“Parenthood” fans are on the edge of their seats waiting to see if Joel and Julia go through with the adoption of Victor. The season finale airs Tuesday, Jan. 22, on NBC. A preview posted on the official "Parenthood" website makes it look like the adoption is still a go, though Julia has been struggling with the decision for the past several episodes.
Like many couples, Joel and Julia decided to pursue adoption after dealing with infertility issues. Last season focused on their relationship with an expectant mother, Zoe. Joel, Julia and their young daughter were all heartbroken when Zoe decided to keep the baby after his birth. They decided to try another route and nine-year-old Victor moved in as a foster to adopt placement.

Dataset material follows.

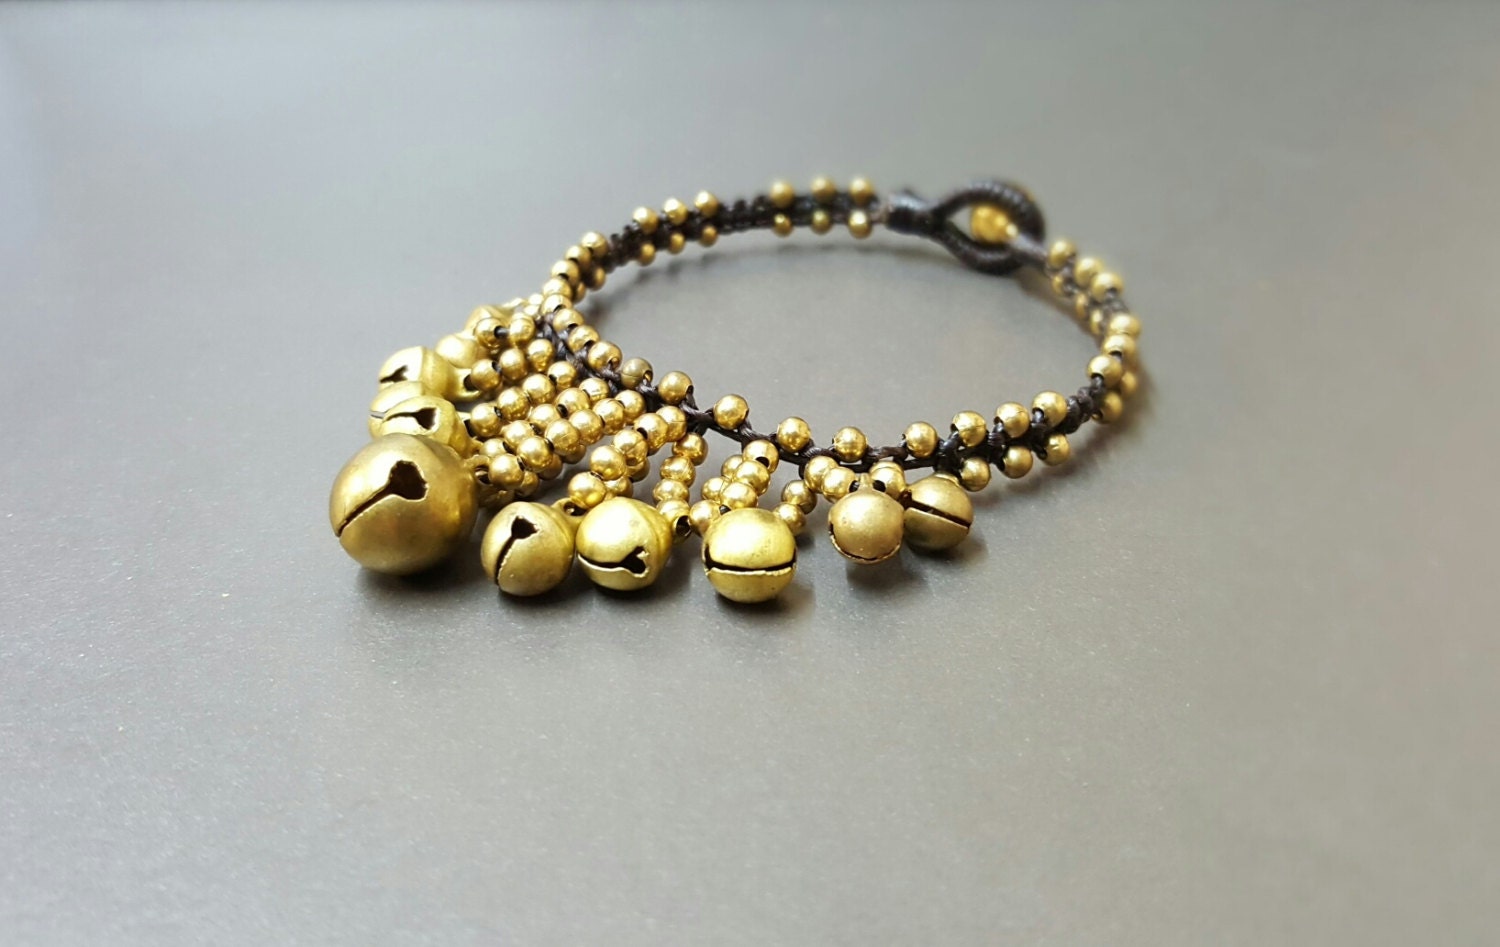 Hilltribe Jingling Gold Messing Frauen Schmuck Armband Fußkette, Perlenarmband, Glöckchen Armband, Wickelarmband von bymemade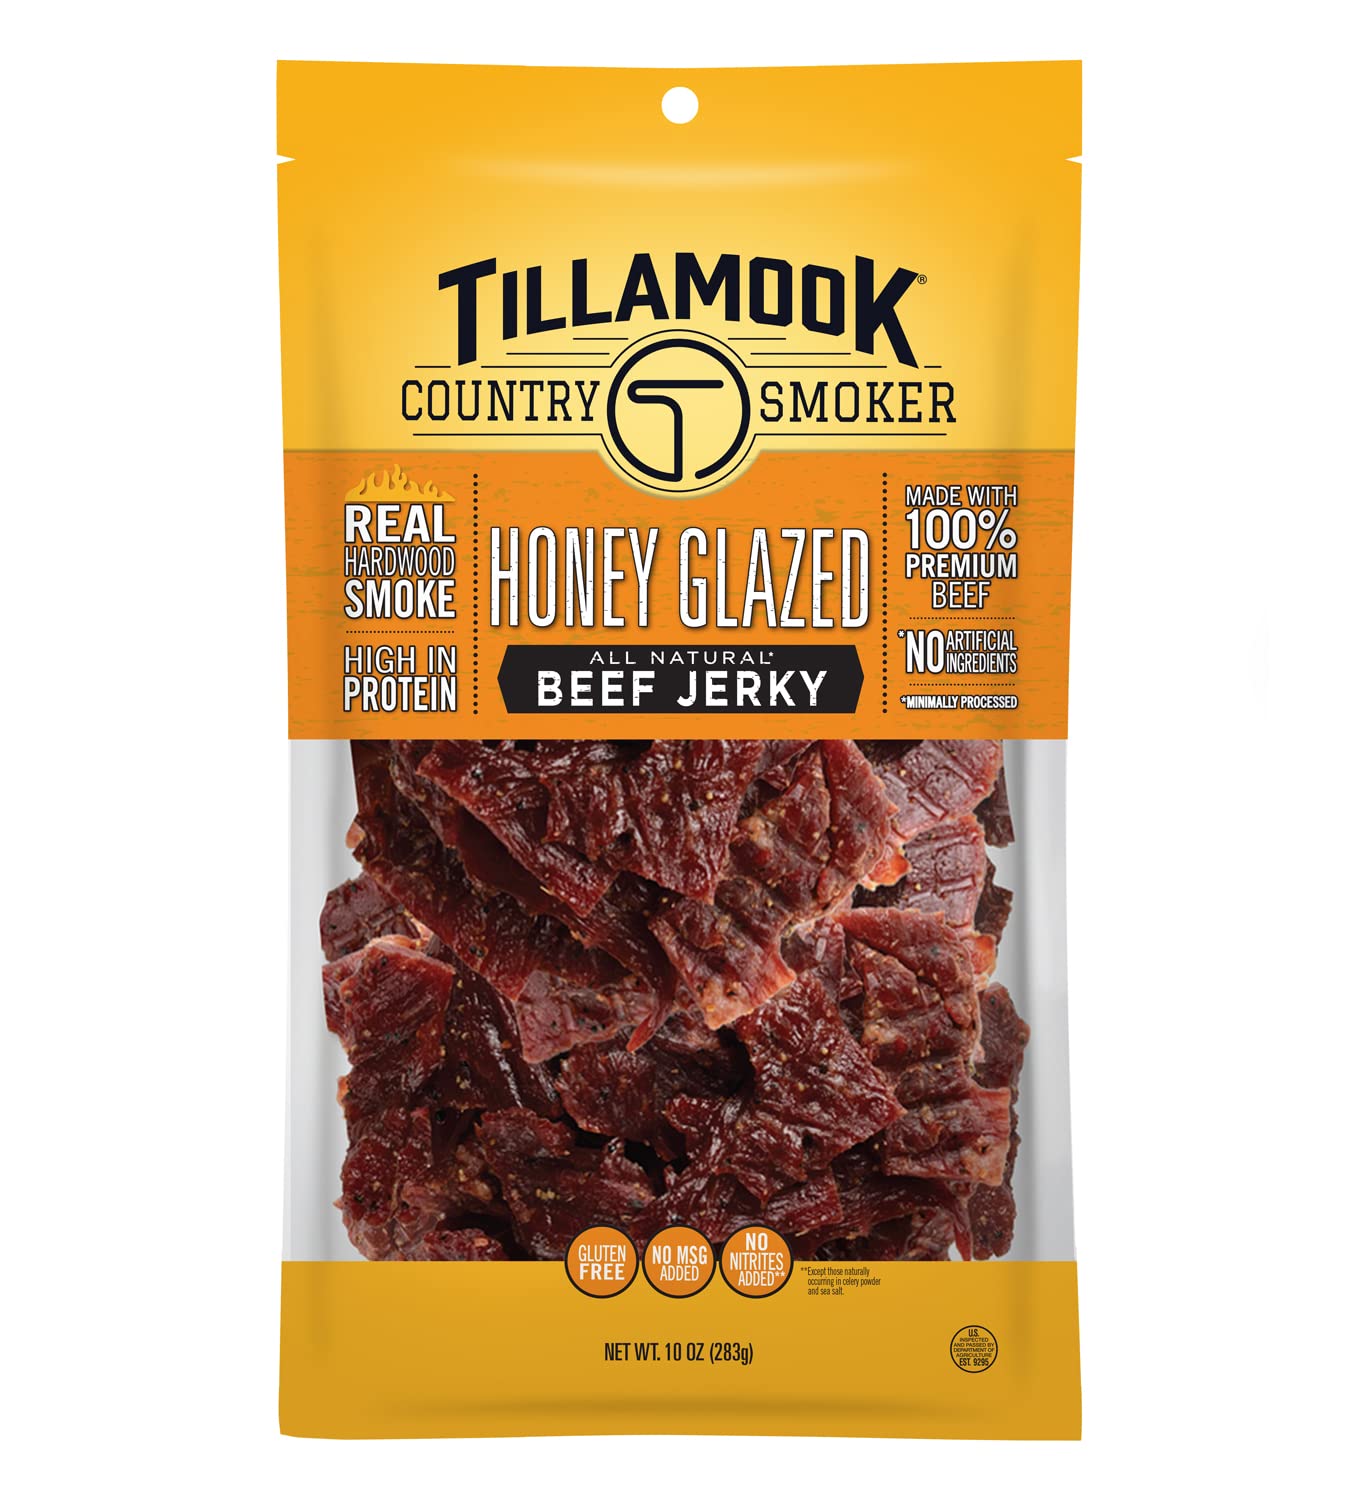 10-Oz Tillamook Country Smoker Real Hardwood Smoked Beef Jerky (Honey Glazed) $8.98 + Free Shipping w/ Prime or on $35+

According to the American Academy of Child and Adolescent Psychiatry, adopted children often exhibit behavior problems, such as defiance, disrespect and aggression, as a result of the trauma they experienced. Victor's adjustment to the family has been difficult. Julia almost called it quits when he threw a bat at their daughter, Sydney. Victor has also continually rejected Julia's attempts to connect with him, making her wonder if she's the right mother for him.
Corey Waters founded the Early Trauma and Attachment Annual Meeting for mothers of children who have mental health, behavioral and attachment issues as a result of trauma. Most of the mothers have adopted children. Corey said Julia would fit right in.
Waters is pleased with how “Parenthood” has portrayed older child adoption so far. She said,
“As an adoptive parent of older children, I am holding my breath as I watch this storyline unfold... partly because the show is, so far, doing justice to the topic of older child adoption, and partly because I am afraid that it will get wrapped up with a pretty bow on top. I am a longtime fan of 'Parenthood', but the fact of the matter is, the guy doesn't always get the girl. Drug addicts do not always recover. Marriages do not always survive infidelity. Women do not always survive breast cancer. And children do not always recover from the effects of early trauma and abuse. To deny these truths may make us feel good and thus make for good television, but they do not do justice to the difficult topics at hand. I would hate to see any family enter into older child adoption thinking everything will turn out okay, when the sad fact is, it very often does not."
Adoptive mother, Anya Monroe, agrees that the writers and actors are doing a great job portraying older child adoption so far. In fact, Anya has turned off her TV saying the show is
“too real to watch.”
Tune in to NBC on Jan. 22 for the season finale of “Parenthood,” titled “Because You’re My Sister.”